== WORK INSTRUCTION ==
A verbatim printing of the entries that follow is needed; pictures must not appear in it.
((
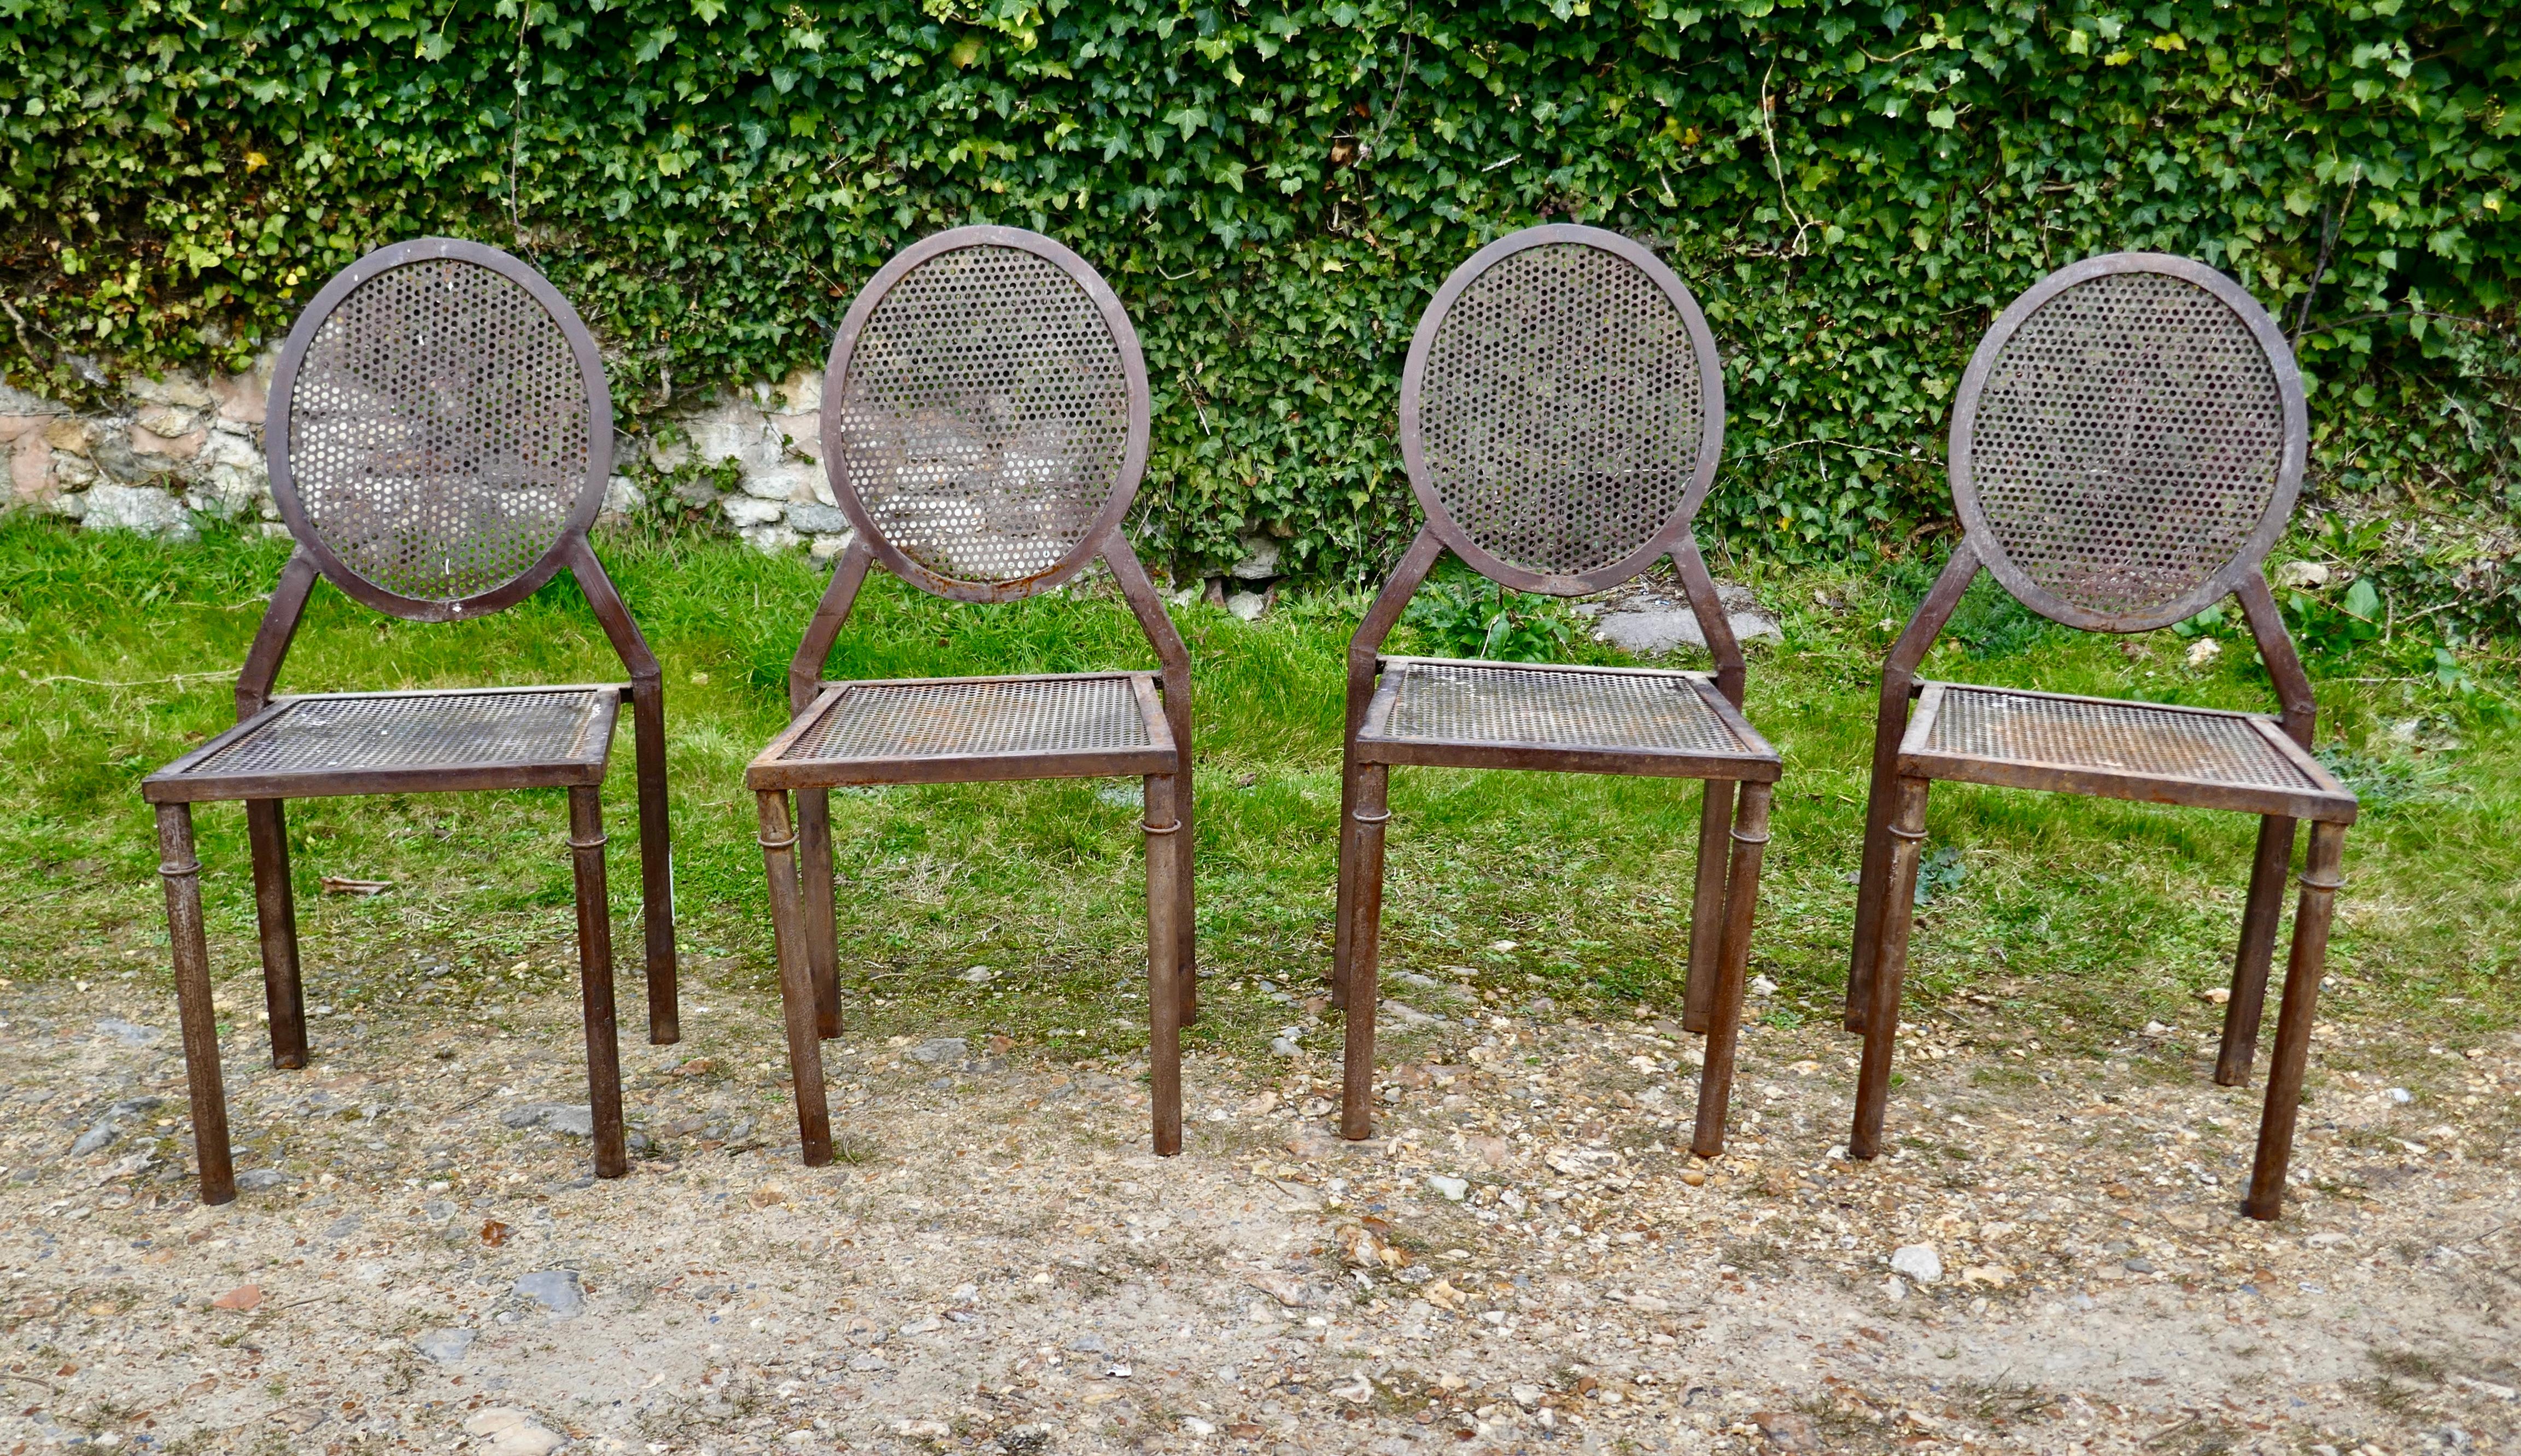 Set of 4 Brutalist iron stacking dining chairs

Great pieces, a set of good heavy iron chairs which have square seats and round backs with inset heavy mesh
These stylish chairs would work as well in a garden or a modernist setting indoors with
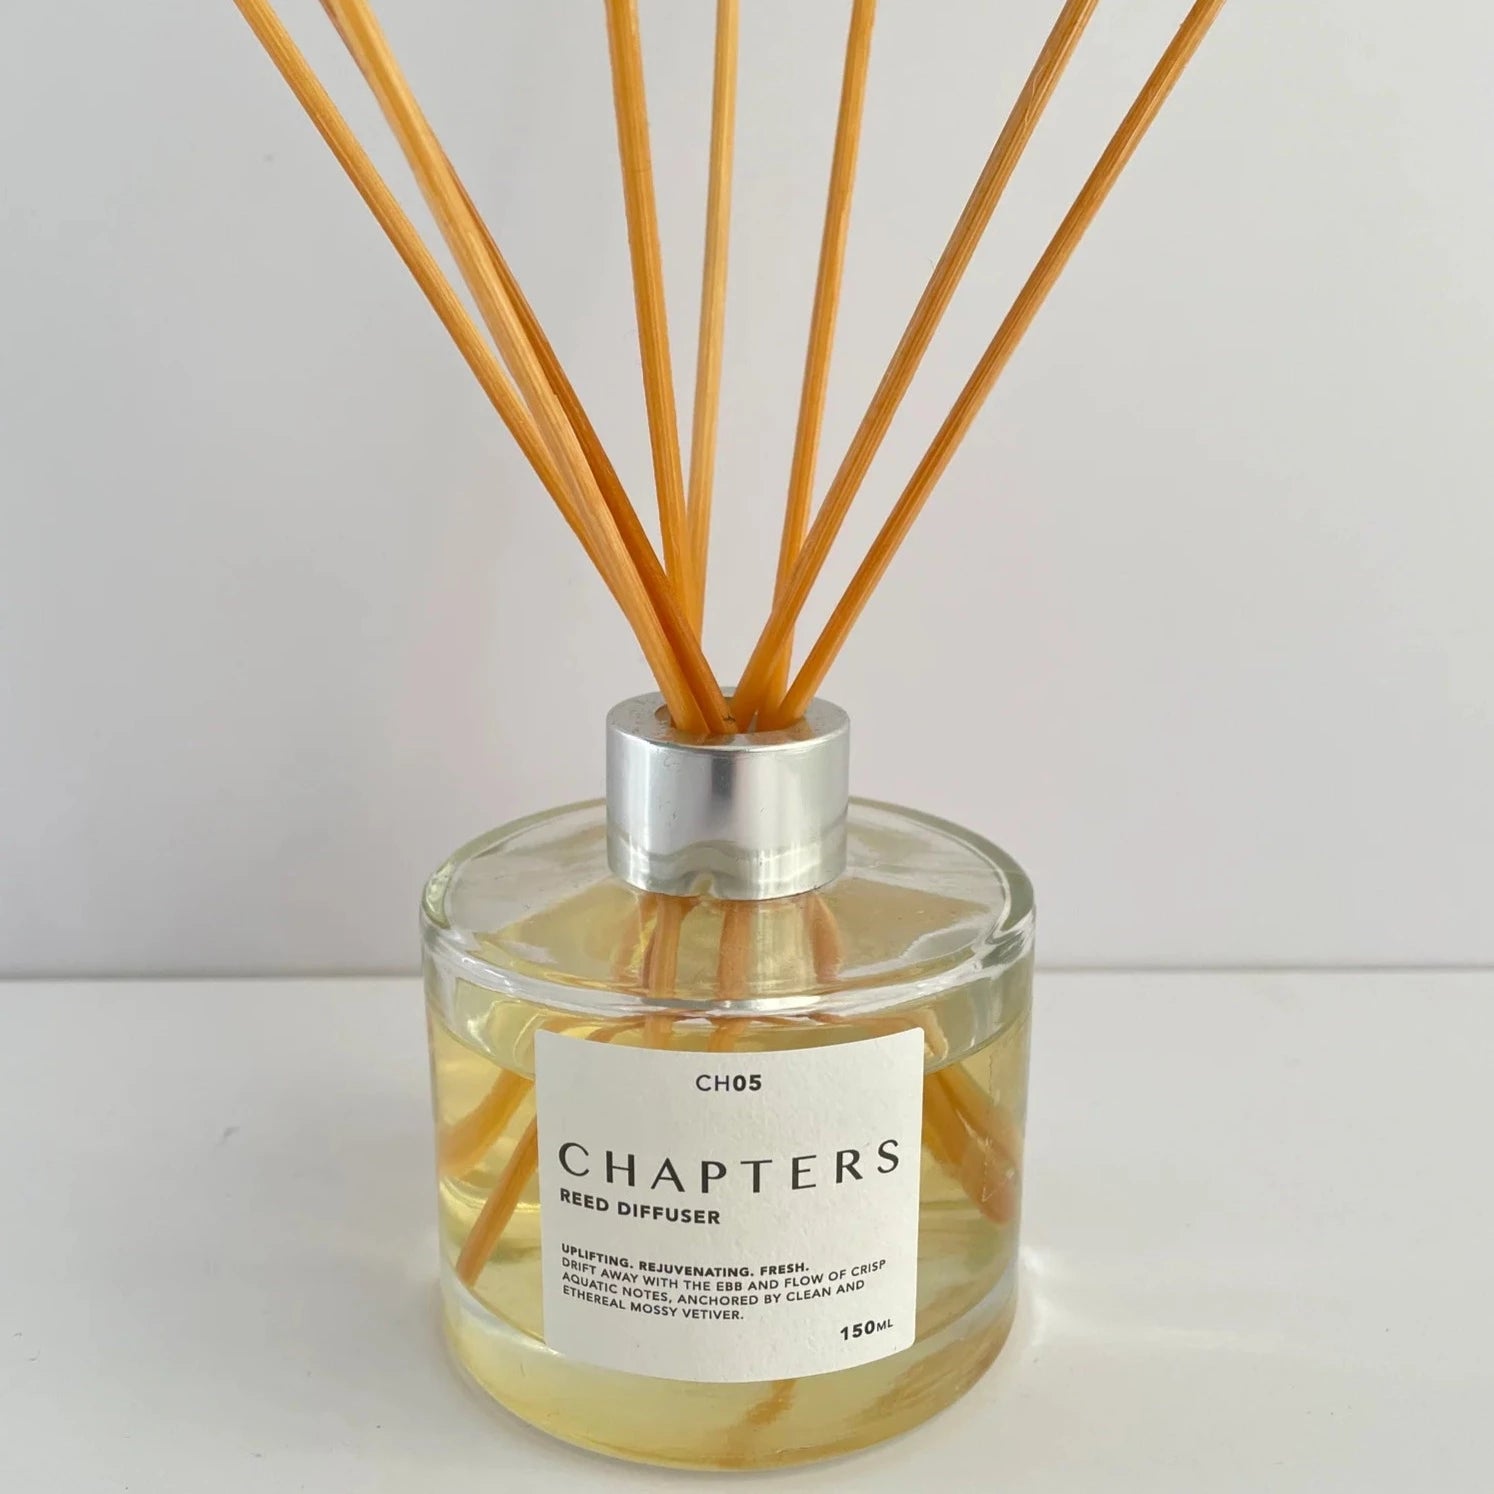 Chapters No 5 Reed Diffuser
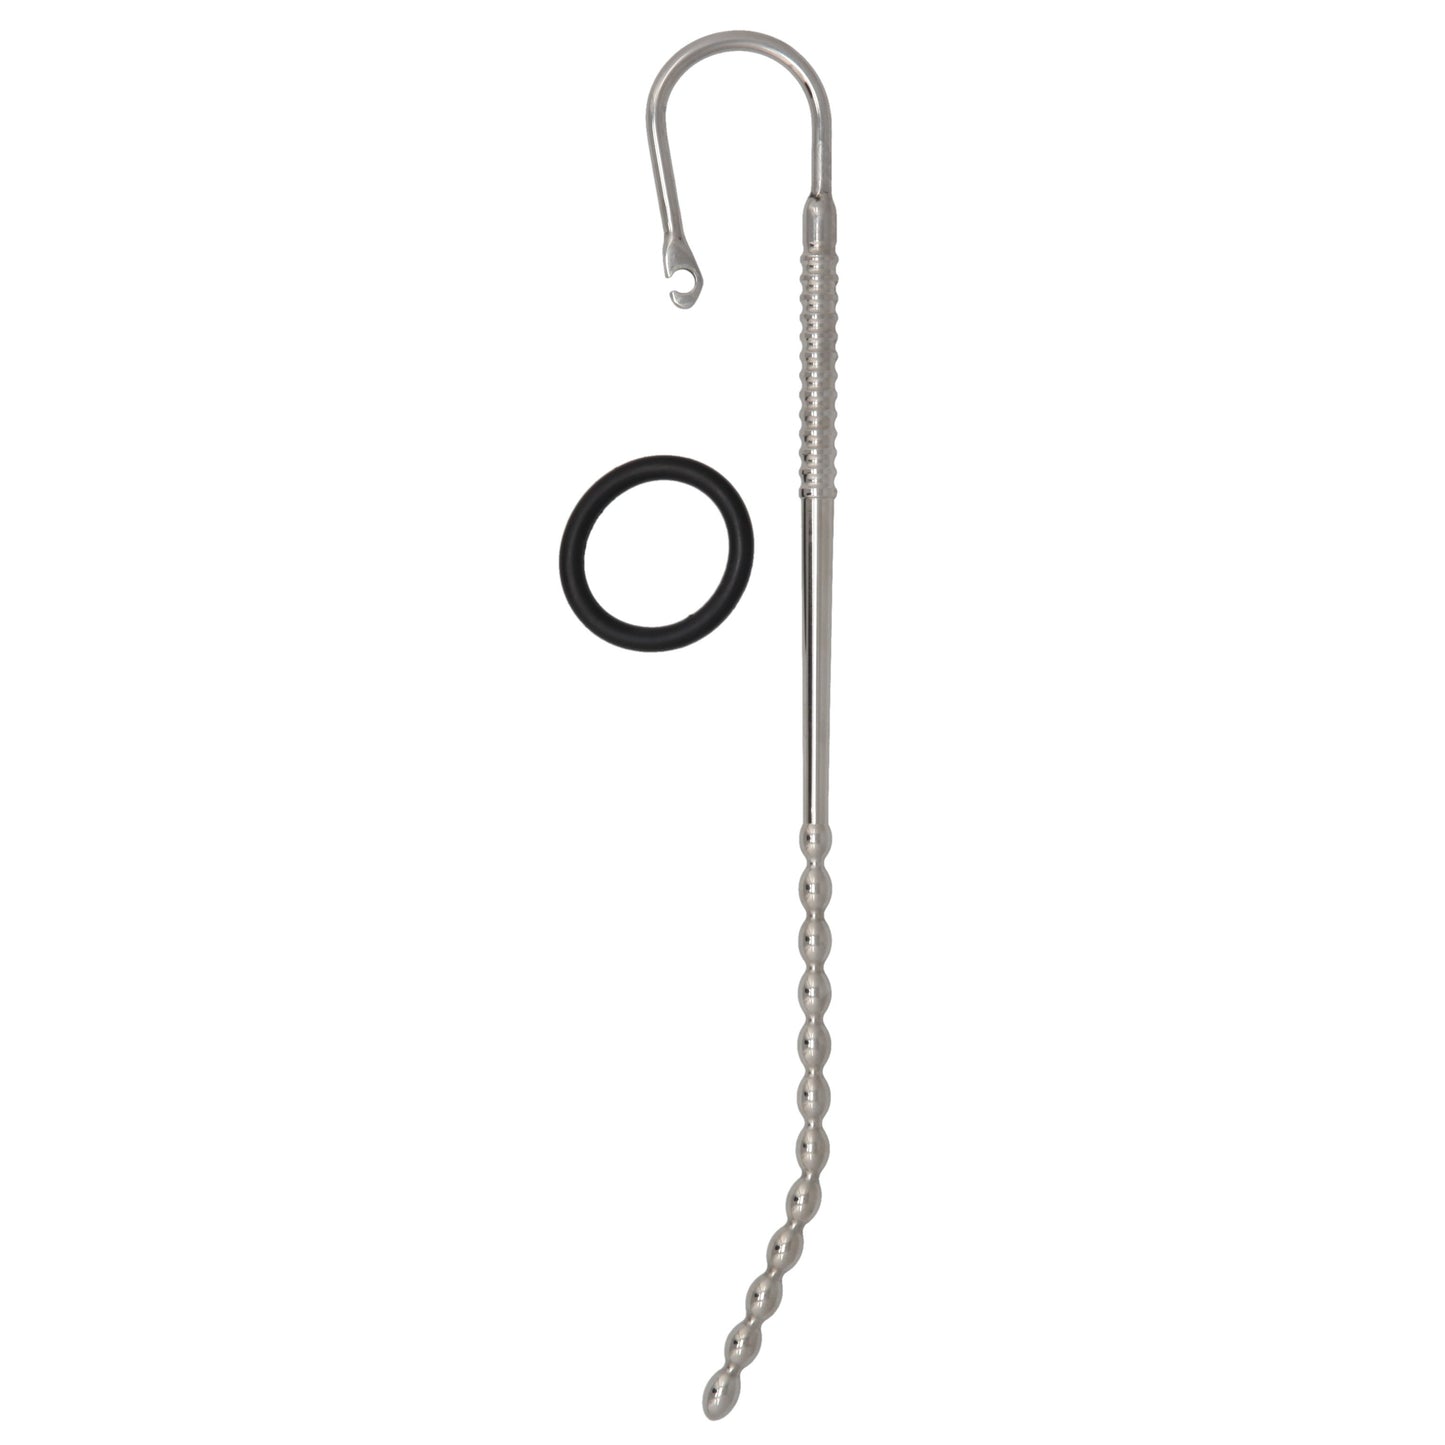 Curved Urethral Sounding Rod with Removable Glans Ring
))
== PROBLEM SOLUTION ==
 Set of 4 Brutalist iron stacking dining chairs

Great pieces, a set of good heavy iron chairs which have square seats and round backs with inset heavy mesh
These stylish chairs would work as well in a garden or a modernist setting indoors with
 Chapters No 5 Reed Diffuser
 Curved Urethral Sounding Rod with Removable Glans Ring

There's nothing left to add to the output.